_Task objective:_
From the entries below, transcribe exactly the lines between the line holding "Кондиционер сплит-система Akai" and the line holding "国際移動の教育言語人類学 : トランスナショナルな在米「日本人」高校生のアイデンティティ", inclusive; skip all other lines.

_Material for this exercise:_
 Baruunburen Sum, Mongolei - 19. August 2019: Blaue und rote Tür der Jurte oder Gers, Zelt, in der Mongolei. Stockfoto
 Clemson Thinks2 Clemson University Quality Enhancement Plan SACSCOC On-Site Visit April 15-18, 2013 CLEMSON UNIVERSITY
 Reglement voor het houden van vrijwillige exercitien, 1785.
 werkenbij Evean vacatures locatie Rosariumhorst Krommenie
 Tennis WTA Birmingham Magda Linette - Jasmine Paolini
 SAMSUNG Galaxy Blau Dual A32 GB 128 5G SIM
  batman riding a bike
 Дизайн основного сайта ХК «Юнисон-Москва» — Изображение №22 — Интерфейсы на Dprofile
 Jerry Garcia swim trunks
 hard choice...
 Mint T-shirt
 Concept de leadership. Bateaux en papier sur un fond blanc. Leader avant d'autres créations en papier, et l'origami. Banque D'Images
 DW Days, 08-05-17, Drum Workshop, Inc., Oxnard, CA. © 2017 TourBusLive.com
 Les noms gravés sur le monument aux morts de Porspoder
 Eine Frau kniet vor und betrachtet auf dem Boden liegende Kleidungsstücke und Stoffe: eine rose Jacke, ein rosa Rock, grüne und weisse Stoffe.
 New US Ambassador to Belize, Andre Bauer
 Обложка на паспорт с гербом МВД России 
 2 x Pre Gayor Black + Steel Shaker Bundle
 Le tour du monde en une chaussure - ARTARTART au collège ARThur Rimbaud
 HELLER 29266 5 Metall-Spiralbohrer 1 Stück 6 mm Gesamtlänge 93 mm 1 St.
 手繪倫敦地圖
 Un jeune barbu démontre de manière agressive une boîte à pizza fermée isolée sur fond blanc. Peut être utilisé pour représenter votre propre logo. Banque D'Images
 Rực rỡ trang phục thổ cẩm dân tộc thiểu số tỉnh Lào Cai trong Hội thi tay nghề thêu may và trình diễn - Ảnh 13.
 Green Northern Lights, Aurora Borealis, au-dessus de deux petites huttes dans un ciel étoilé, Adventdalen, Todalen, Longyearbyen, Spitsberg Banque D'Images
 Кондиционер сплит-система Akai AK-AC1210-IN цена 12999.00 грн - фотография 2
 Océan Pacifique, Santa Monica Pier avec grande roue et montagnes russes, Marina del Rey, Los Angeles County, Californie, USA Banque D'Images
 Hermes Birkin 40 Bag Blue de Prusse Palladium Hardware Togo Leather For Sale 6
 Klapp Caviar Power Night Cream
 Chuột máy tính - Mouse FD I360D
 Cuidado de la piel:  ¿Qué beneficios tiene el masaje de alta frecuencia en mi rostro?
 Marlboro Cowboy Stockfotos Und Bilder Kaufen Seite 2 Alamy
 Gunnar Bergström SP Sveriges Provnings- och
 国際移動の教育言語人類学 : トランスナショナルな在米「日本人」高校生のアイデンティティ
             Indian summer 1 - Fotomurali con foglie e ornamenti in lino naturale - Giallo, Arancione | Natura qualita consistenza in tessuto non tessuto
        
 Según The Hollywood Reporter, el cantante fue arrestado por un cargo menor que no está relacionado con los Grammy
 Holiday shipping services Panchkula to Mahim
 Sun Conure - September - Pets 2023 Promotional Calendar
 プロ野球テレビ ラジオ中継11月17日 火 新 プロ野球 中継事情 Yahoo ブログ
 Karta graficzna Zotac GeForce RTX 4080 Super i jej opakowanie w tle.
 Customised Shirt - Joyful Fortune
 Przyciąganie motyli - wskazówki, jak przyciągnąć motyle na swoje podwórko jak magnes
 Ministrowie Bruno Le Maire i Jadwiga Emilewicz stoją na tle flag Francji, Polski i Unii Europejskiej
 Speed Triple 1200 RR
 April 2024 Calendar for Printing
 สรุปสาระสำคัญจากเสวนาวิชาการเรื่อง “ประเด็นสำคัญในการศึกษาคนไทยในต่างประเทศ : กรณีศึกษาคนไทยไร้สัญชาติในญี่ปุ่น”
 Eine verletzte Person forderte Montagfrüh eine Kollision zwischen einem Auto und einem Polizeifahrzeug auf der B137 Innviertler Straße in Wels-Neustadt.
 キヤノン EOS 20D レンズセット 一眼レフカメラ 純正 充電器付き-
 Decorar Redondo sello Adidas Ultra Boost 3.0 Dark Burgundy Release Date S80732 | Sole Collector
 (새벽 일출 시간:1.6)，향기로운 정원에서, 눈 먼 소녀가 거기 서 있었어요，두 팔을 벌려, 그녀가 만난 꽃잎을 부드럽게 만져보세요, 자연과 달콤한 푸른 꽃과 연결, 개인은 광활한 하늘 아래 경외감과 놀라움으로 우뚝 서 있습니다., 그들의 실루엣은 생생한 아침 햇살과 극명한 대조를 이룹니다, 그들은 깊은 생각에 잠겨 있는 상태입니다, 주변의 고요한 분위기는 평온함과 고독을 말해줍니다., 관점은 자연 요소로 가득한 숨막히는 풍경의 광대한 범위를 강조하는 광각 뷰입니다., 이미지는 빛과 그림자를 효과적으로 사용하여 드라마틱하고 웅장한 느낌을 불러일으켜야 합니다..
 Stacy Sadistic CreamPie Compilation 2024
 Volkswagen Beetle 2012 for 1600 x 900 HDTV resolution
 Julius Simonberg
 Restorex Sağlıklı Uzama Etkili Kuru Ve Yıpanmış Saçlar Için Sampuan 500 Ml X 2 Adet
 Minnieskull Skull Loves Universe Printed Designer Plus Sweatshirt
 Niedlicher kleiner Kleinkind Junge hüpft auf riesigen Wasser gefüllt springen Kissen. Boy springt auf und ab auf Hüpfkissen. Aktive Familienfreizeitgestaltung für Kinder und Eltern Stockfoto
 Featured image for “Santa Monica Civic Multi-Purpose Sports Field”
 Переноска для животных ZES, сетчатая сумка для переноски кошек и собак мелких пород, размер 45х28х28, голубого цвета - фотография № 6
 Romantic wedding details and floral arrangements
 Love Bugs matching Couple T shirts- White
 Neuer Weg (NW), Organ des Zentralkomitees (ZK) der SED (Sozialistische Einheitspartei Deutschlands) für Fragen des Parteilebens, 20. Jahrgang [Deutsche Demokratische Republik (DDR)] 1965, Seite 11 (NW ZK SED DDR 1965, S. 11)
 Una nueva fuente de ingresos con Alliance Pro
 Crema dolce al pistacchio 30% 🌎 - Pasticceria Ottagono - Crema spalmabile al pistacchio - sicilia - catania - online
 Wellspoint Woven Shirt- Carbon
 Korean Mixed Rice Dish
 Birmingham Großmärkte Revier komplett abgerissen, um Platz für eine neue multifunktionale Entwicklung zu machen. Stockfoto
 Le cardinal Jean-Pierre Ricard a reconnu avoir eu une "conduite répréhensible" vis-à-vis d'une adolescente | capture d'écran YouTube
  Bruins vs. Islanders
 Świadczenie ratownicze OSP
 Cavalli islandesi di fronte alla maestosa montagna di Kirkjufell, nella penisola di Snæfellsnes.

_Output:_
 Кондиционер сплит-система Akai AK-AC1210-IN цена 12999.00 грн - фотография 2
 Océan Pacifique, Santa Monica Pier avec grande roue et montagnes russes, Marina del Rey, Los Angeles County, Californie, USA Banque D'Images
 Hermes Birkin 40 Bag Blue de Prusse Palladium Hardware Togo Leather For Sale 6
 Klapp Caviar Power Night Cream
 Chuột máy tính - Mouse FD I360D
 Cuidado de la piel:  ¿Qué beneficios tiene el masaje de alta frecuencia en mi rostro?
 Marlboro Cowboy Stockfotos Und Bilder Kaufen Seite 2 Alamy
 Gunnar Bergström SP Sveriges Provnings- och
 国際移動の教育言語人類学 : トランスナショナルな在米「日本人」高校生のアイデンティティ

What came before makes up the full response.